Avec vingt-deux cas en vingt ans, de 2004 à 2024, mais « deux ou trois par an désormais », le cancer du pénis semble plus fréquent en Guyane qu’ailleurs. Issus pour un peu plus de la moitié de la communauté bushinenge, les patients sont plus jeunes – 55 ans en moyenne lorsque la maladie est découverte – et sont diagnostiqués à un stade plus avancé qu’ailleurs. « Un patient sur cinq était âgé de moins de 40 ans contre 71 ans en moyenne dans l’Hexagone, poursuit le Dr Chalhoub (…) Nous avons également retrouvé plusieurs patients venus consulter avec des métastases ganglionnaires. »

Le dernier fait marquant tient au fait qu’il s’est déroulé en moyenne onze mois entre l’apparition de la première lésion sur le pénis et la première consultation chez un médecin.
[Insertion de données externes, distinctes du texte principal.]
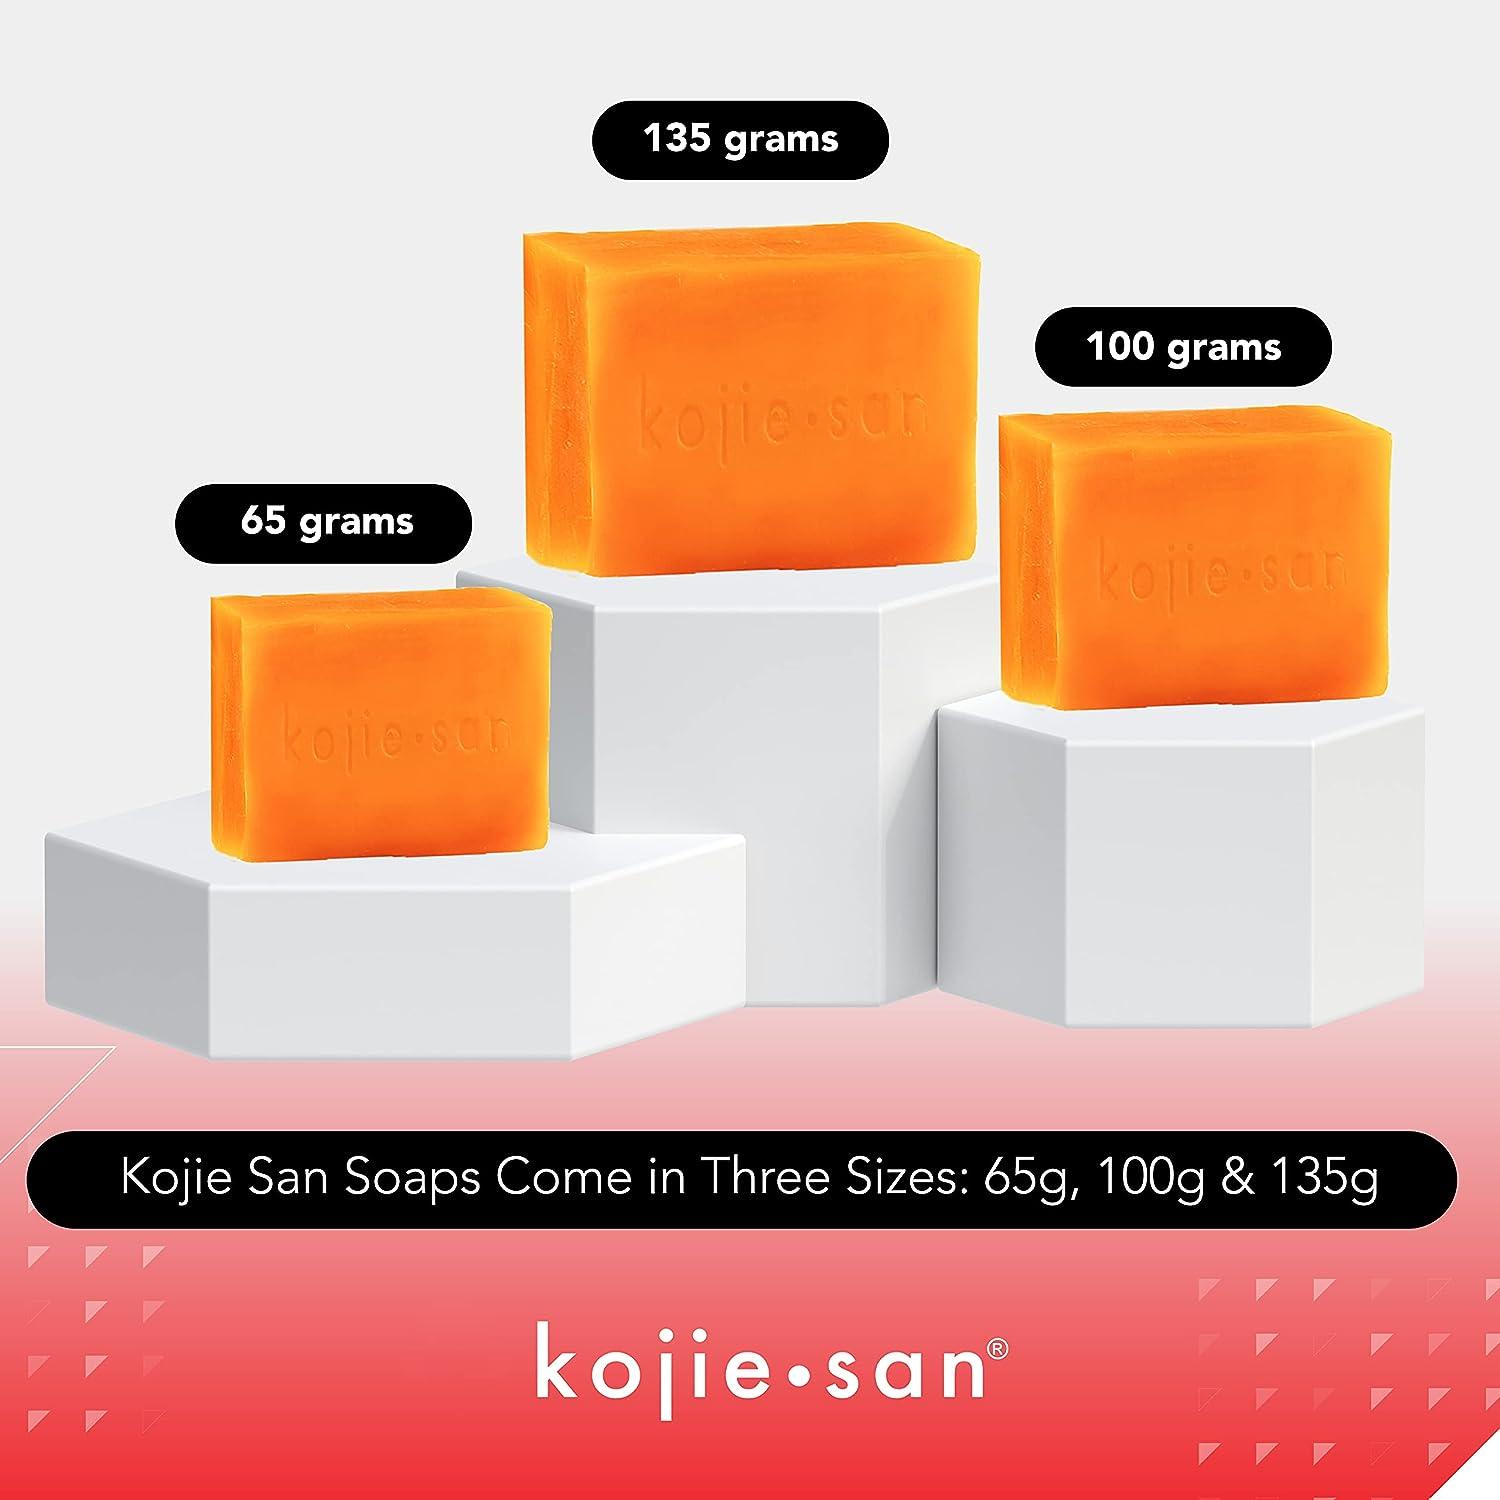 Kojie San Kojic Acid Soap - Pack of 2 (135g each) With 10 Black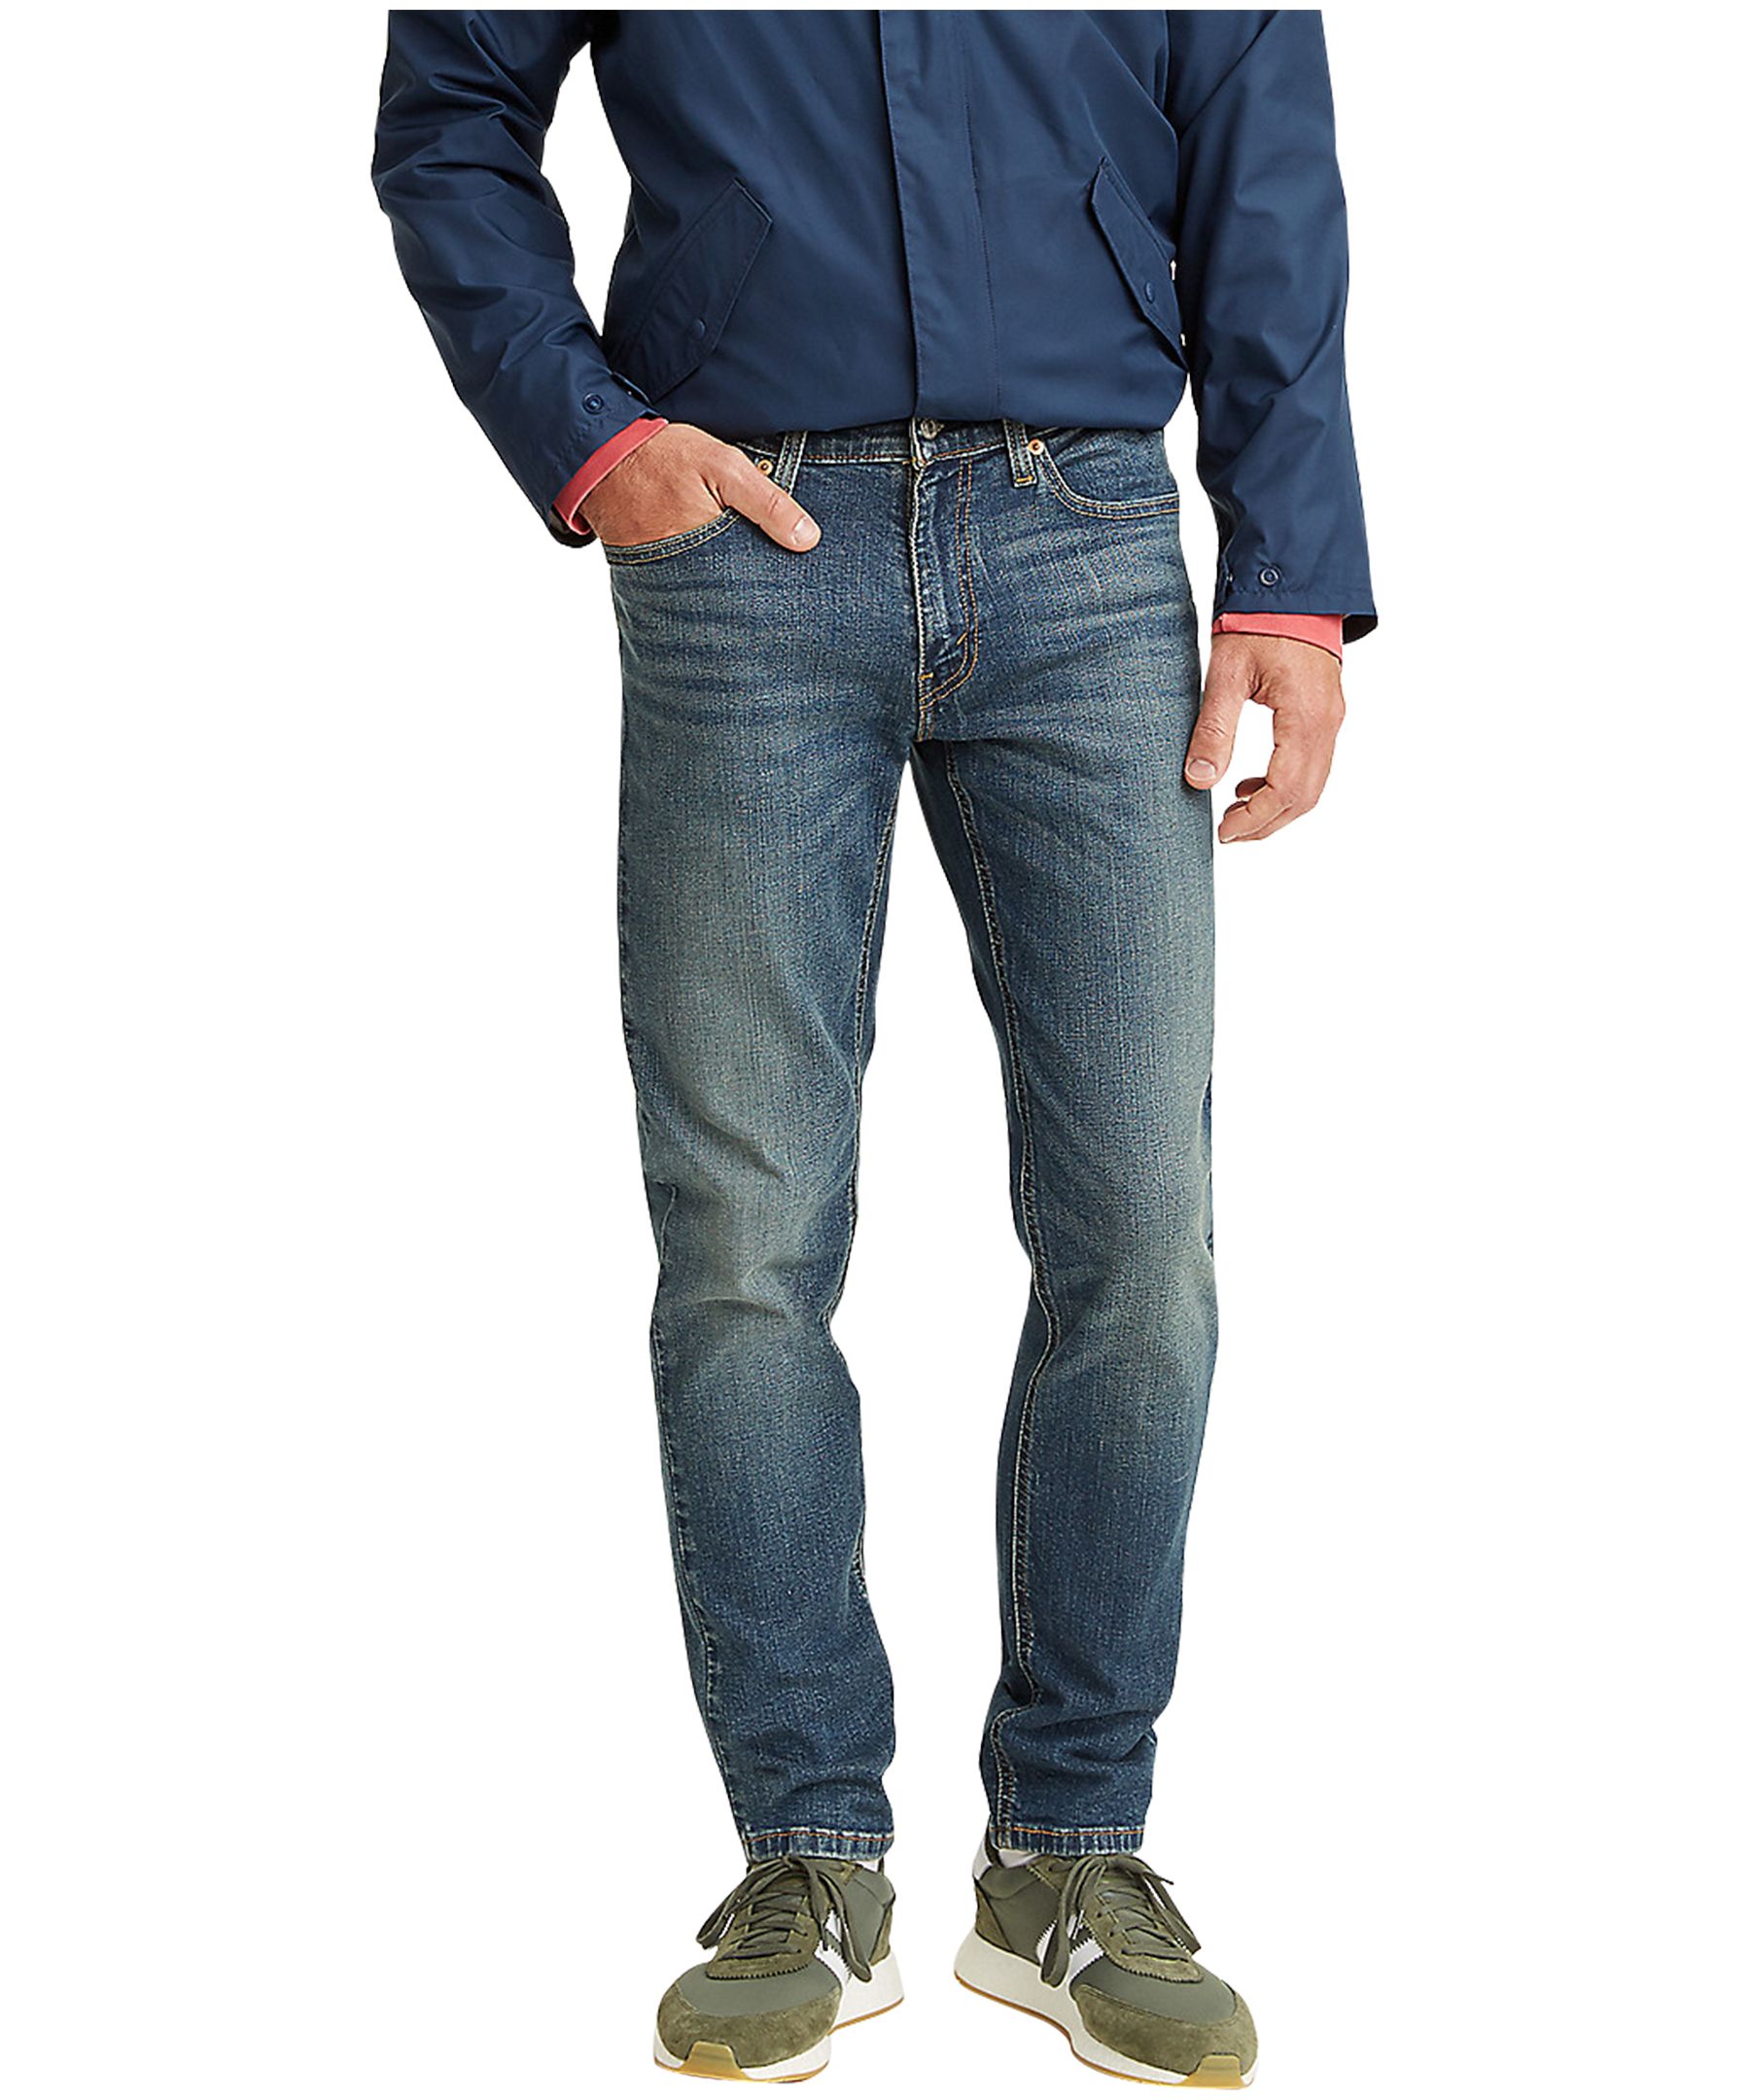 Men's 531 Athletic Slim Fit Jeans - Medium Wash

Ce délai anormalement long a interpelé les urologues :  « Certes, c’est un cancer indolore mais qui est normalement visible. »

Les causes de ce retard n’ont pas été étudiées, mais au moins deux sont envisageables :

  • L’éloignement géographique avec l’hôpital de Kourou ;
  • L’hésitation à consulter face à des lésions intimes.

C’est la raison pour laquelle les auteurs de l’article souhaitent « sensibiliser les professionnels de santé à ce type de lésion : toute lésion pénienne indolore, qu’elle soit bourgeonnante ou symptomatique, doit conduire rapidement à une consultation spécialisée », recommande le Dr Chalhoub.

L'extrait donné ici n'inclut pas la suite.